If you want some reading about New Orleans, may I suggest a couple of great books that will give you a little flavor of the area?  After Hurricane Katrina, the restaurant industry in New Orleans was devastated, first by the storm, and then later by the lack of tourism in the wake of the storm.  I would imagine we are seeing a similar issue today, as every restaurant we know here in WV is dealing with a serious slow down in dining traffic and struggling to stay afloat.  New Orleans lives and breathes tourism and conventions, and neither is going gangbusters at the moment due to the virus.  The Times-Picayune put together a cookbook with contributions of recipes from some of the favorite places around the area, as a way to raise funds for restaurants and workers who were out of work, and also to help local residents who had lost their cookbooks and newspaper clipping recipes in the deluge that Katrina had brought with her. Cooking Up A Storm: Recipes Lost and found from the Times-Picayune of New Orleans was an effort to knit the community back together through the medium that New Orleans uses most:  food.  The recipes are fantastic, but the stories that come with them really make the book extraordinary.

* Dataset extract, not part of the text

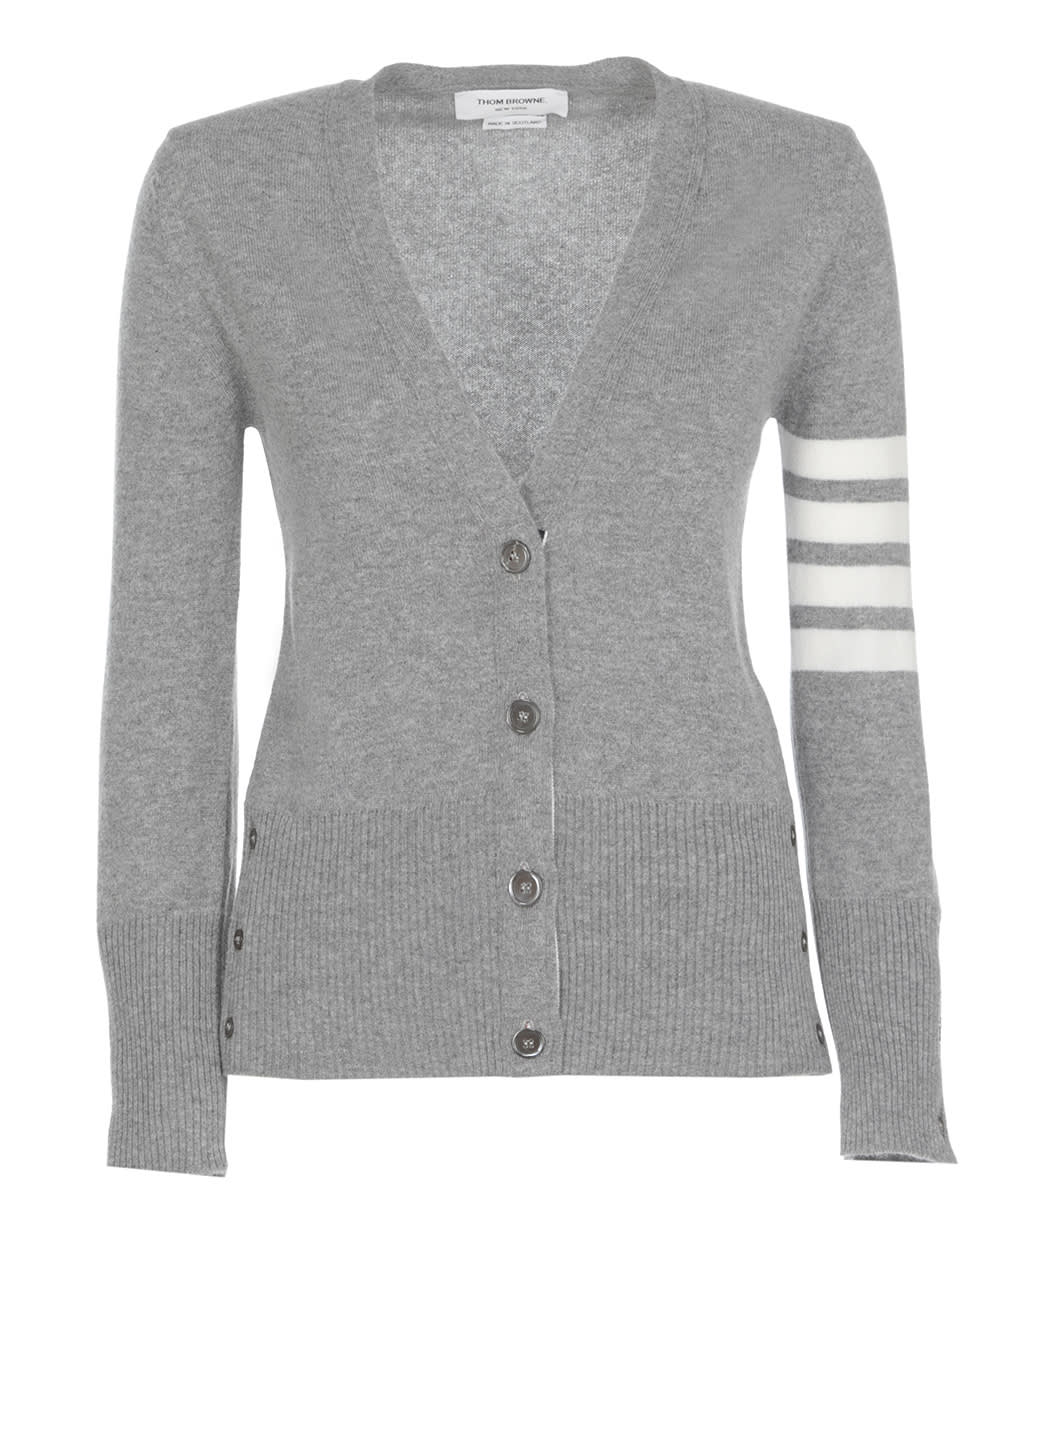 Thom Browne Cashmere Knitted Cardigan

The other is a book called Gumbo Tales: Finding My Place at the New Orleans Table, which does an amazing job of taking you to the heart of food's place in New Orleans and letting you into the kitchens of some of its most intriguing citizens.  You feel like you have just pulled up to the table and got handed a bottle of Tabasco.  

All this to say, Covid has been horrible for all of us.  We may have to stay in for safety reasons, but that doesn't mean that we can't read and cook our way through this together.